Our Research
While the number of genetic variants associated with developmental brain disorders has exponentially increased, the pathogenic effect for most of them remains unknown, hindering progress in diagnosis and treatment. At Akizu Lab we integrate human genetics with functional studies performed in human pluripotent stem cells (hPSC) and animal models to transform genetic discoveries into novel insights on how genetic variants induce pathology. Our findings enhance the care and management of individuals affected by brain disorders, reveal genetic and epigenetic mechanisms underlaying human brain development and uncover factors that provide selective vulnerability to developing neurons. Our current projects are focused in four lines of research:
Uncovering the causes of neurodevelopmental disorders
We work to uncover the causes of neurodevelopmental disorders, including autism and intellectual disabilities. Through collaborations with clinical geneticists worldwide, our lab is at the forefront of identifying genetic causes that inform novel diagnoses and treatments for neurodevelopmental disorders (Gracia-Diaz et al., Nat Commun 2023; Li et al., J Clin Invest 2024). Although these disorders are highly heritable, the underlying causes are often complex and include gene and environment interactions that we continuously survey in the lab (Saade et al., Cell Stem Cell 2020).
Revealing chromatin-mediated epigenetic mechanisms that lead to neuronal diversity generation in the human brain.
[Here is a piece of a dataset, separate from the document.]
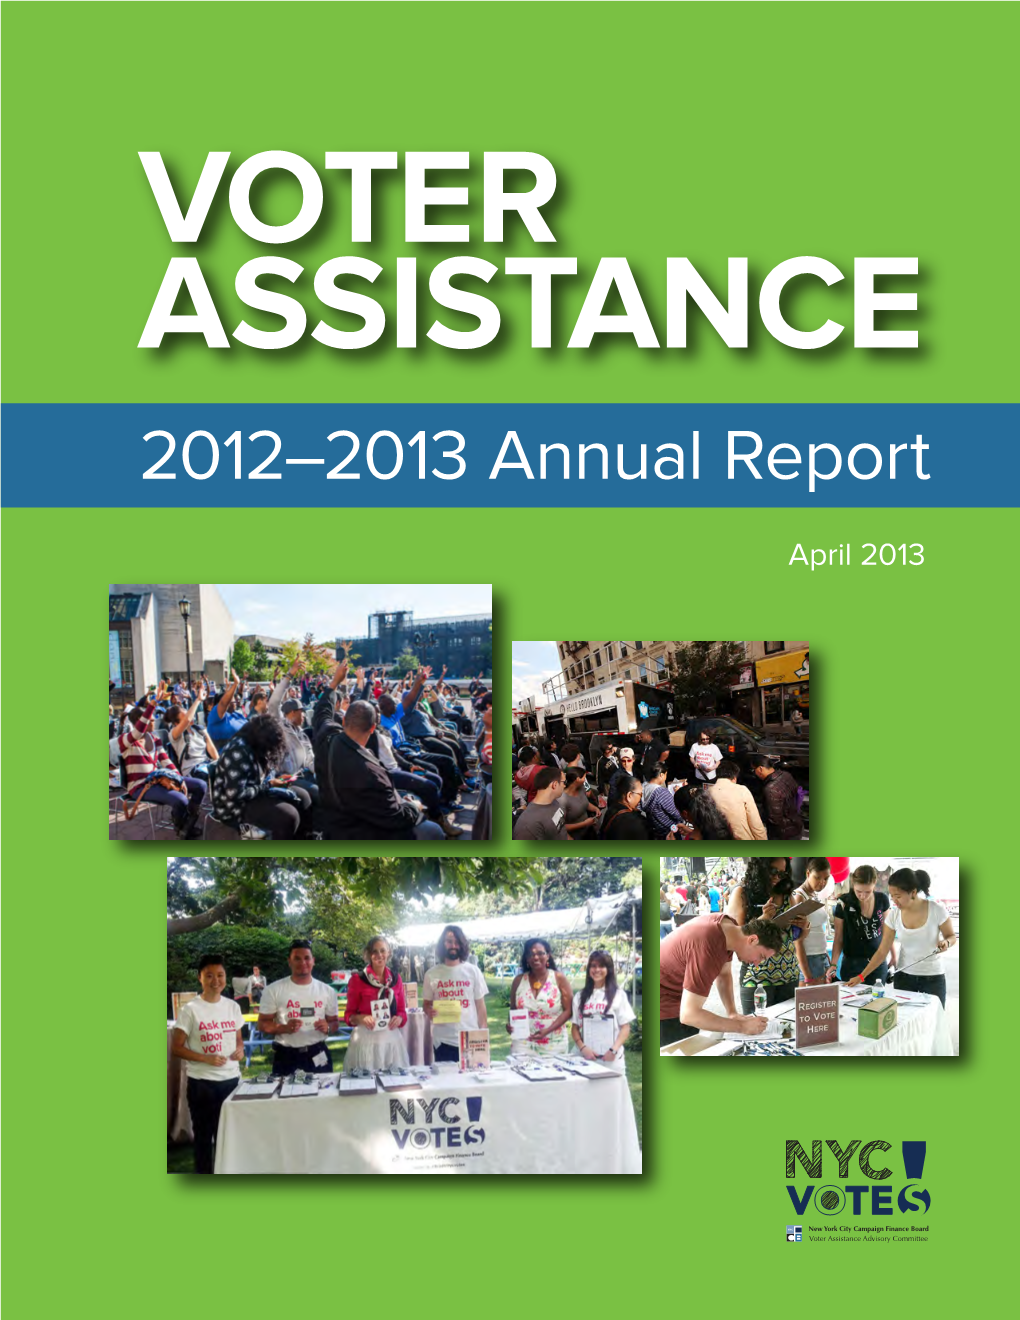 2012-2013 Voter Assistance Annual Report

Variants in genes encoding chromatin regulators are recurrently associated with neurodevelopmental disorders. Focusing on the Polycomb Repressive Complex 2, a chromatin regulatory complex involved in the epigenetic transmission of cellular identity, our work aims to uncover how diverse chromatin machineries cooperate to determine neuronal subtypes during brain development and how their disruption causes disease (Akizu et al., Development 2010; Akizu et al., Open Biology 2016; Gracia-Diaz et al., Nat Commun 2023).
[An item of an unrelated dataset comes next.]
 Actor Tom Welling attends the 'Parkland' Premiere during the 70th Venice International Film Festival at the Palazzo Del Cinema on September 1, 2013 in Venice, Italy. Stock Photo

Elucidating mechanisms that confer selective vulnerability to neurodegeneration in developmental brain disorders.
The developing human brain is exquisitely sensitive to metabolic dysregulation. Founded on two childhood neurodegenerative disorders of the posterior brain that we genetically defined (Akizu et al., Cell 2013; Akizu et al., Nat Genet 2015), our work aims to unlock how metabolic enzyme polymerization protects neurons from degeneration (Flores et al., EMBO R 2024) and why the cerebellum is selectively vulnerable to lipid and lysosome homeostatic defects (Zhou and Sanchez et al., JCI Insights 2024).
Discovering treatments for neurodevelopmental disorders.
Despite evidence demonstrating that neurodevelopmental disorders are treatable, successful treatments are still scarce. Leveraging our mechanistic studies, we aim to develop innovative strategies to treat these disorders. In collaboration with the GoldbergNeurolab at the Children’s Hospital of Philadelphia, we contributed to their efforts in unraveling a targeted therapy that improves seizures and motor behavioral defects in a mouse model of Progressive Myoclonus Epilepsy (Feng et al., Cell Rep Med. 2024). We are also developing novel epigenetic treatments for neurodevelopmental disorders.